Washington — Rep.-elect Sarah McBride, a Delaware Democrat who is set to become the first transgender member of Congress, characterized a GOP effort to restrict bathroom use as an attempt “to get headlines.”
“Everything was fine until some members of the small Republican conference majority decided to get headlines and to manufacture a crisis,” McBride told CBS News’ Scott MacFarlane.
The Delaware Democrat told CBS News that she anticipated an effort to “politicize my use of a restroom,” and she indicated she had not intended to use multi-stall women’s restrooms in the Capitol. But she also said “that is my choice here.”
“If anyone had thought to ask me about what I was planning on doing, I would’ve been happy to tell them,” McBride said. “But again, this is not an issue. And this has never been an issue in this complex.”
Weeks after McBride became the first transgender person elected to Congress, a Republican-led effort to restrict restroom use in the Capitol got underway this week. Rep. Nancy Mace, a South Carolina Republican, introduced legislation Monday to change House rules to limit use of single-sex bathrooms in the Capitol complex to those corresponding to users’ “biological sex.”
McBride, who also made history as the first trans person ever elected to a state senate seat, has tended to stay above the fray, stressing that her priority is to work for Delawareans in the House. She told CBS News that she wants people to see her “competence in governing contrast with their chaos.”
“I would like my grace to contrast with the grandstanding that we’re seeing right now.” McBride said. “I would like my approach of respecting everyone to contrast with the disrespect that we are seeing right now.”
Mace’s two-page resolution alleges that “allowing biological males” into the facilities “jeopardizes the safety and dignity of Members, officers, and employees of the House who are female” and would task the sergeant-at-arms with enforcing the measure.

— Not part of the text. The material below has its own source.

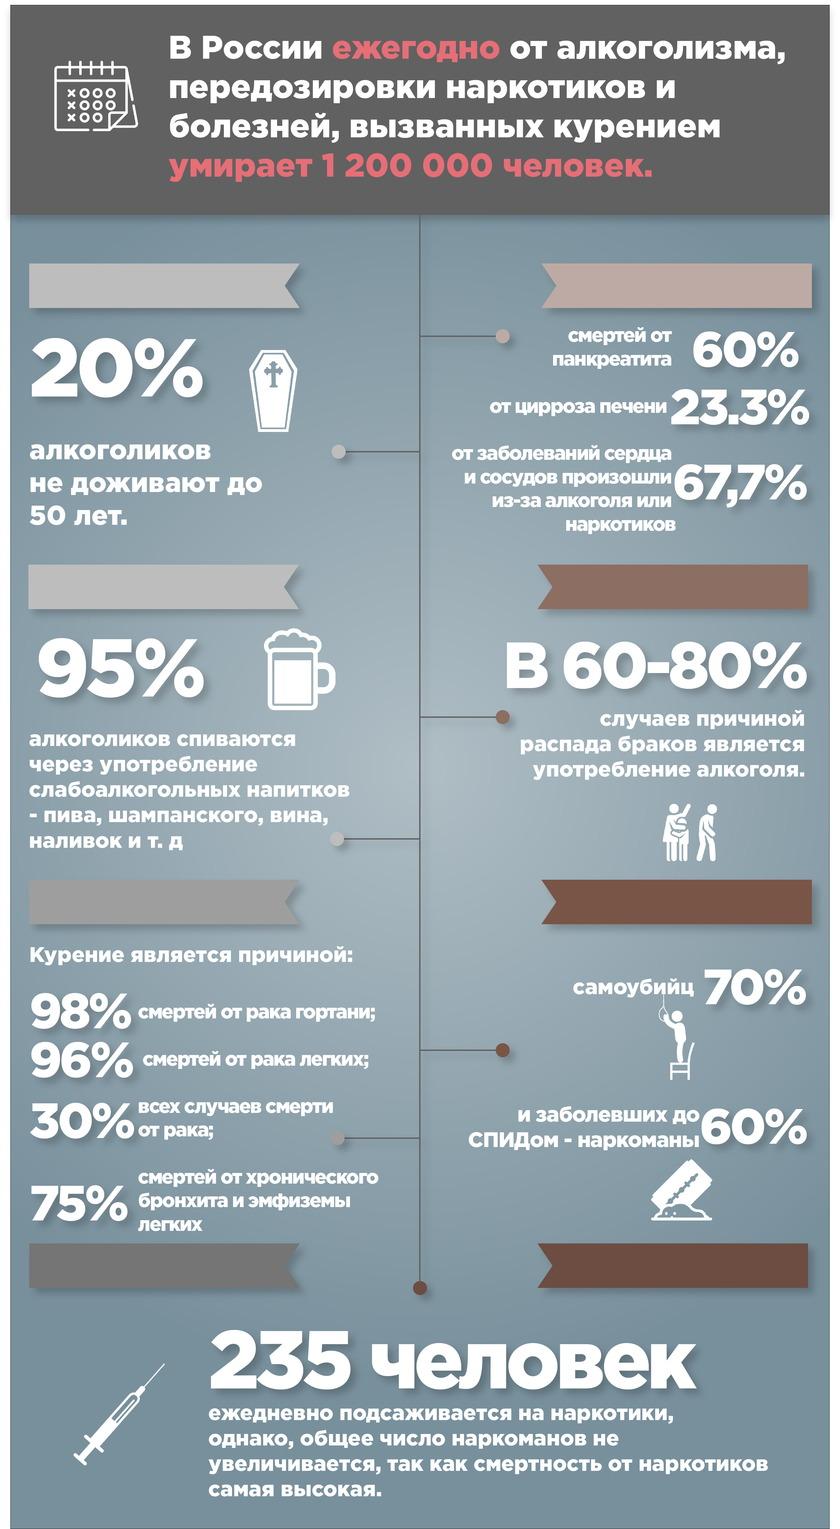 Статистика смертности от алкоголизма, наркомании и курения

House Speaker Mike Johnson said Wednesday that he supports restricting the “single-sex facilities” in the Capitol, saying in a statement that the facilities “are reserved for individuals of that biological sex.”
McBride pledged to follow the rules outlined by Johnson, “even if I disagree with them,” while asserting that she didn’t run for Congress to “fight about bathrooms.”
Anti-transgender sentiments have become a rallying cry for some Republicans in recent months, often evoked by President-elect Donald Trump and his allies on the campaign trail and over the airwaves.